After one season as an assistant under former Orange football coach Bill Hynus in 2001, Geary was chosen by Cedar Ridge Athletic Director, Jim Pappas, to become the first head football coach at Cedar Ridge High School. Naturally, he would also be the Red Wolves’ first wrestling coach. In the midst of the summer of 2002, as officials prepared for the opening of Cedar Ridge, Geary and baseball coach Andy Simmons would pick up rocks off the field that would eventually become Cedar Ridge Stadium.

“It was a huge change of pace being at a higher level,” Jake said of his father’s transition to Cedar Ridge. “They started the program from scratch. Over that summer, I was right out there picking up rocks with my dad. One of his former players texted me the other day to remind me about that. He literally had to build that program from scratch.”

Geary took over the Cedar Ridge program in 2002 without any seniors. Within three years, they captured its first football conference championship.

At Cedar Ridge, Geary coached the greatest running back in school history, Devon Moore, who would go on to be a featured back for Appalachian State’s 2006 Division I National Championship team. Moore rushed for 86 yards and a touchdown on 14 carries as Appalachian defeated Massachusetts 28-17 in Chattanooga, TN to win the national championship. Moore rushed for nearly 6,000 yards and 42 touchdowns in his Cedar Ridge career, though Appalachian State and Wofford were the only schools to offer him a Division I scholarship.

In 2006, Cedar Ridge went 10-4 and reached the third round of the 2-AA State Playoffs. After playoff wins over Swansboro and Northwood, the Red Wolves lost to Bunn in the regional semifinals.

“That was one of the highlights of his career,” Jake said. “All those kids that stuck together and reaching the third round of the playoffs was high on his list.”

“He meant so much to this school,” said Simmons, now Cedar Ridge’s Athletic Director. “I came over with him from Orange. Just as incredible person. He touched so many lives in Hillsborough and surrounding places. Sometimes, there are just no words to describe what a person meant to so many. I think Coach Geary is one of those people.”

Jake was the 2010 2A North Carolina High School Athletic Association Shot Put champion at Cedar Ridge. He played football at East Carolina under head coach Ruffin McNeill after being recruited by Skip Holtz, now the head coach at Louisiana Tech. Jake Geary currently teaches at North Carolina Virtual Public Schools after four years at Broad Creek Middle School in Newport.
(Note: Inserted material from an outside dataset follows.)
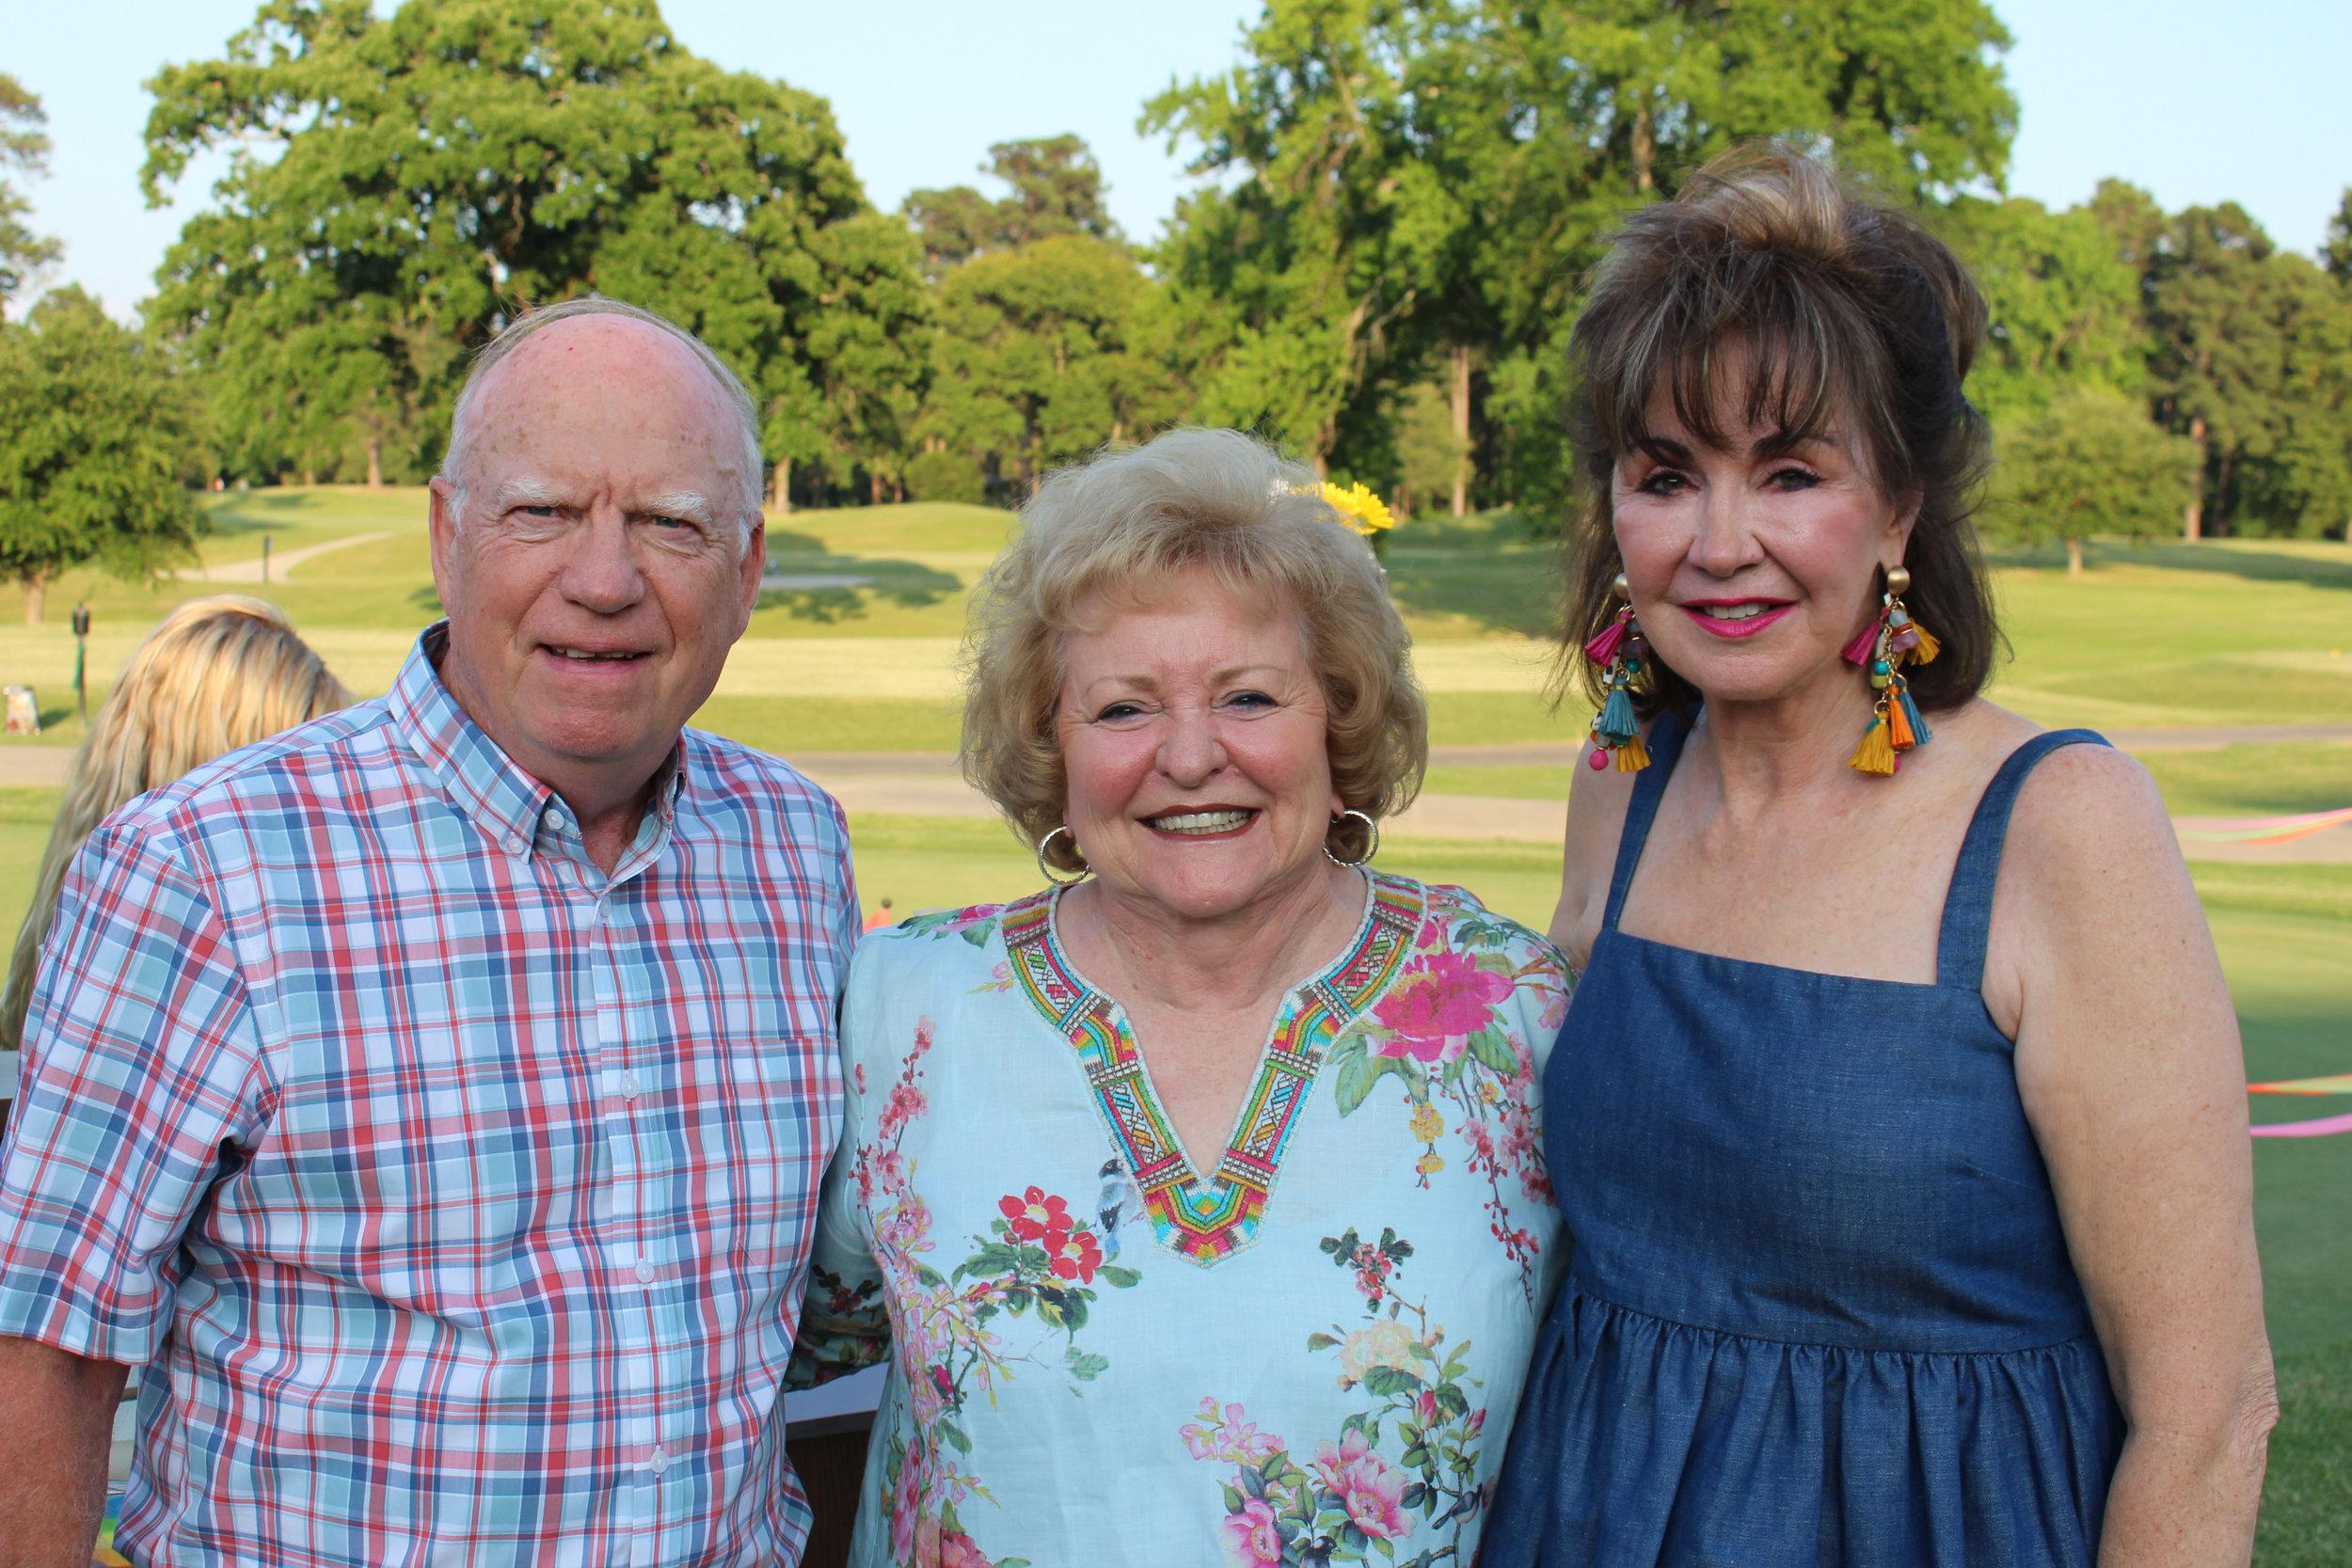 Judge Jack and Joan Carter with Judy Morgan

“He coached me just like he would anyone else on the team,” Jake said. “I always told people that I had to have it tougher because if I didn’t, people would say I was getting playing time just because I was the coach’s son. It was hard but I enjoyed having him as my coach. I didn’t just get it at practice, I got it at home, too.”

Geary left Cedar Ridge in 2010 to coach at Person High School, partly to get closer to a lake house that the family owned near Roxboro. They held annual Super Bowl parties there every winter, including Super Bowl XLIII, where Geary’s Steelers defeated the Arizona Cardinals 27-23.

Even after all the championships he won in Hillsborough, Geary never forgot that the greatest place on earth is home. In 2015, he returned to West Virginia as an assistant coach for East Fairmont High School’s football team, serving with his brother, John, the head coach. The following year, Lou became the head coach for the 2016 season before resigning and returning to North Carolina.

“He wasn’t even looking for a job,” Jake said. “His brother wound up calling him and asked if he wanted to do with him. He jumped all over that and they worked together. It was a young team and they were trying to build something together.”

In recent years, Geary had kept up with Cedar Ridge athletics. Jake says it was a topic of one of their final conversations at a memory care facility in New Bern, where Geary stayed since July.

“Over the last few weeks, I’ve heard from people from West Virginia to North Carolina to Virginia,” Jake said. “Old coaches and teammates that I’ve never met before. All of them said the same thing. He loved the game and he took everybody under their wing and treated them exactly the same. He always had a smile on his face. It was amazing reading how many people he impacted.”